BEGIN DATA SHOWN

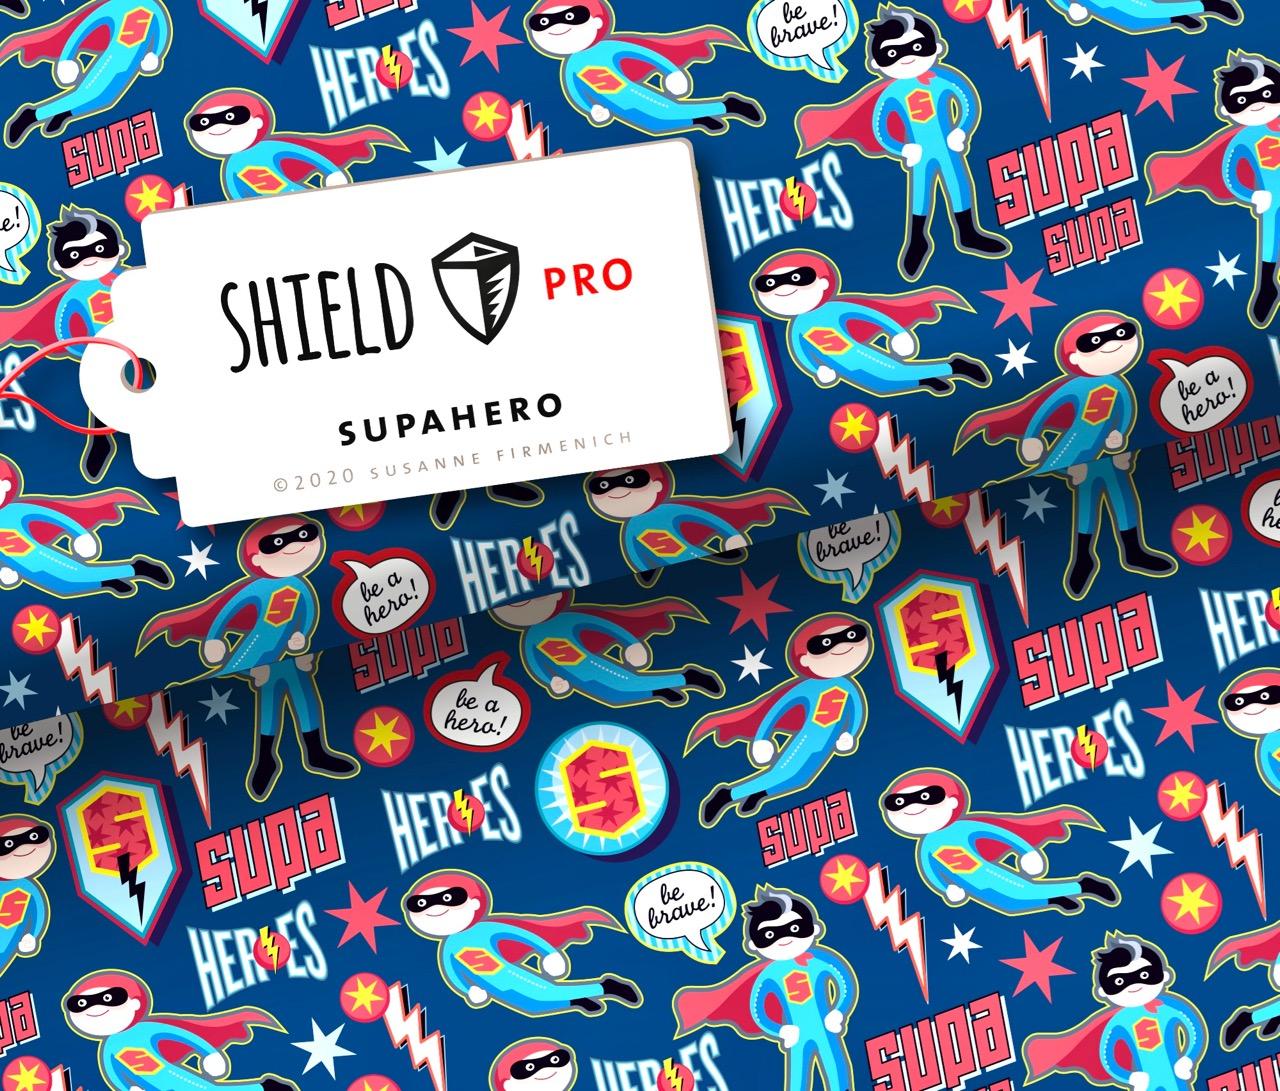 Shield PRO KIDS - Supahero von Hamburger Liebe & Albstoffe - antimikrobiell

END DATA SHOWN
BEGIN DATA SHOWN

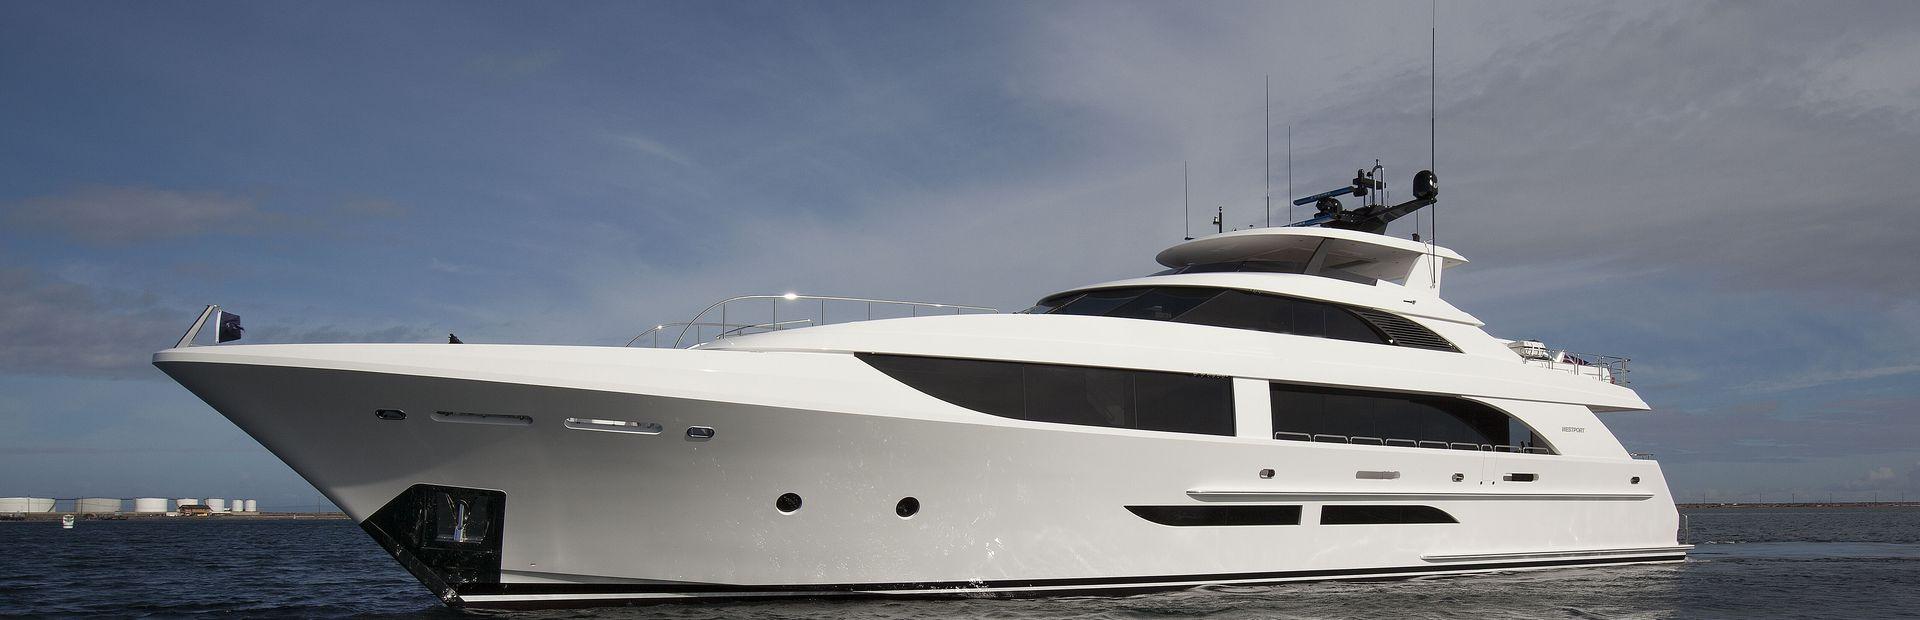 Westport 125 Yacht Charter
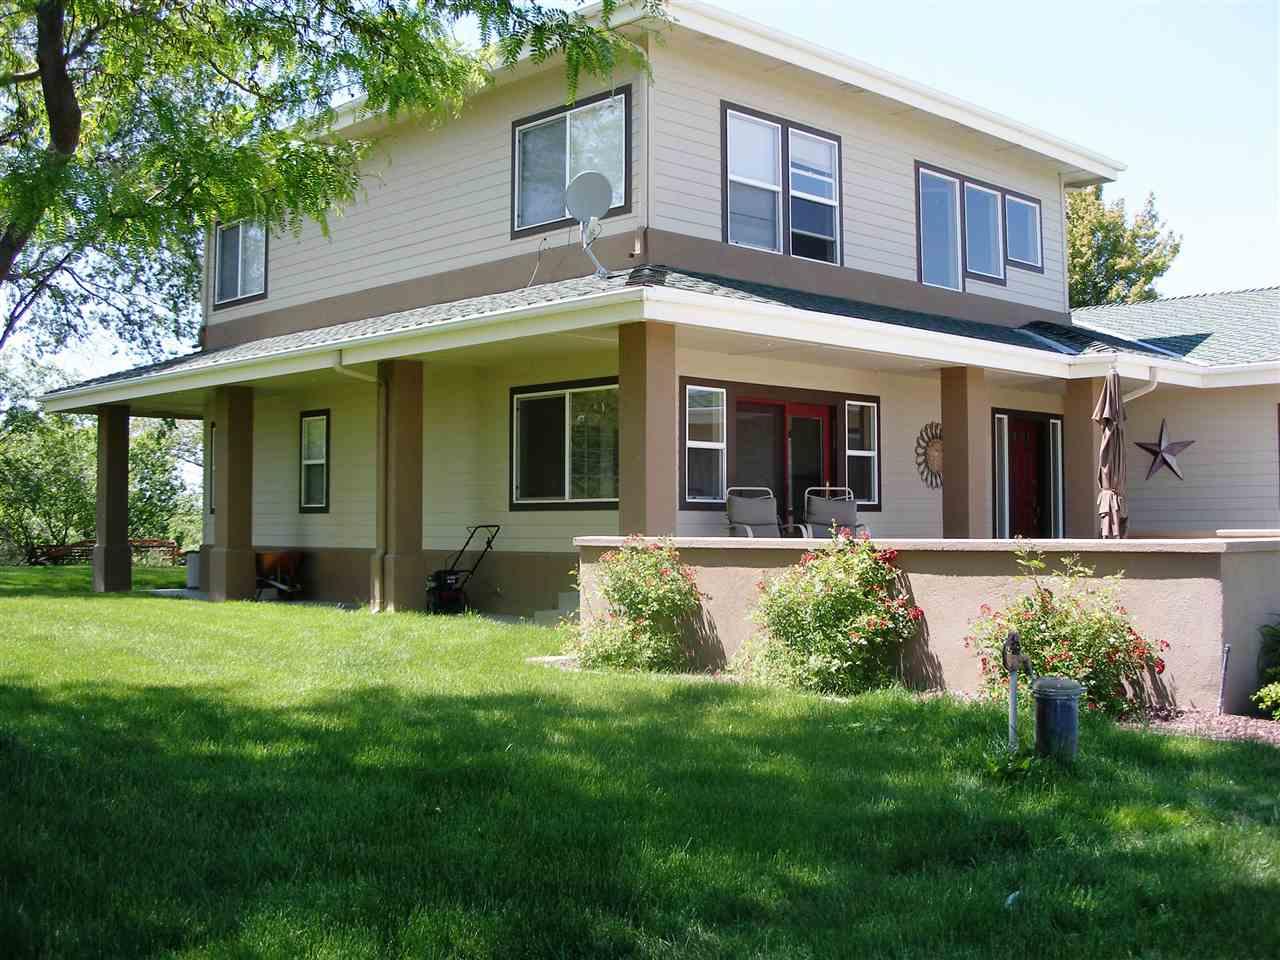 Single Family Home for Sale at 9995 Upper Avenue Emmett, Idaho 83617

END DATA SHOWN

**WORK ORDER**. Once the line with "Westport 125 Yacht Charter" is found above, transcribe each line from it through the line with "Single Family Home", exactly, and omit the pictures.

**REPLY TO THE TASK**.
 Westport 125 Yacht Charter
 Single Family Home for Sale at 9995 Upper Avenue Emmett, Idaho 83617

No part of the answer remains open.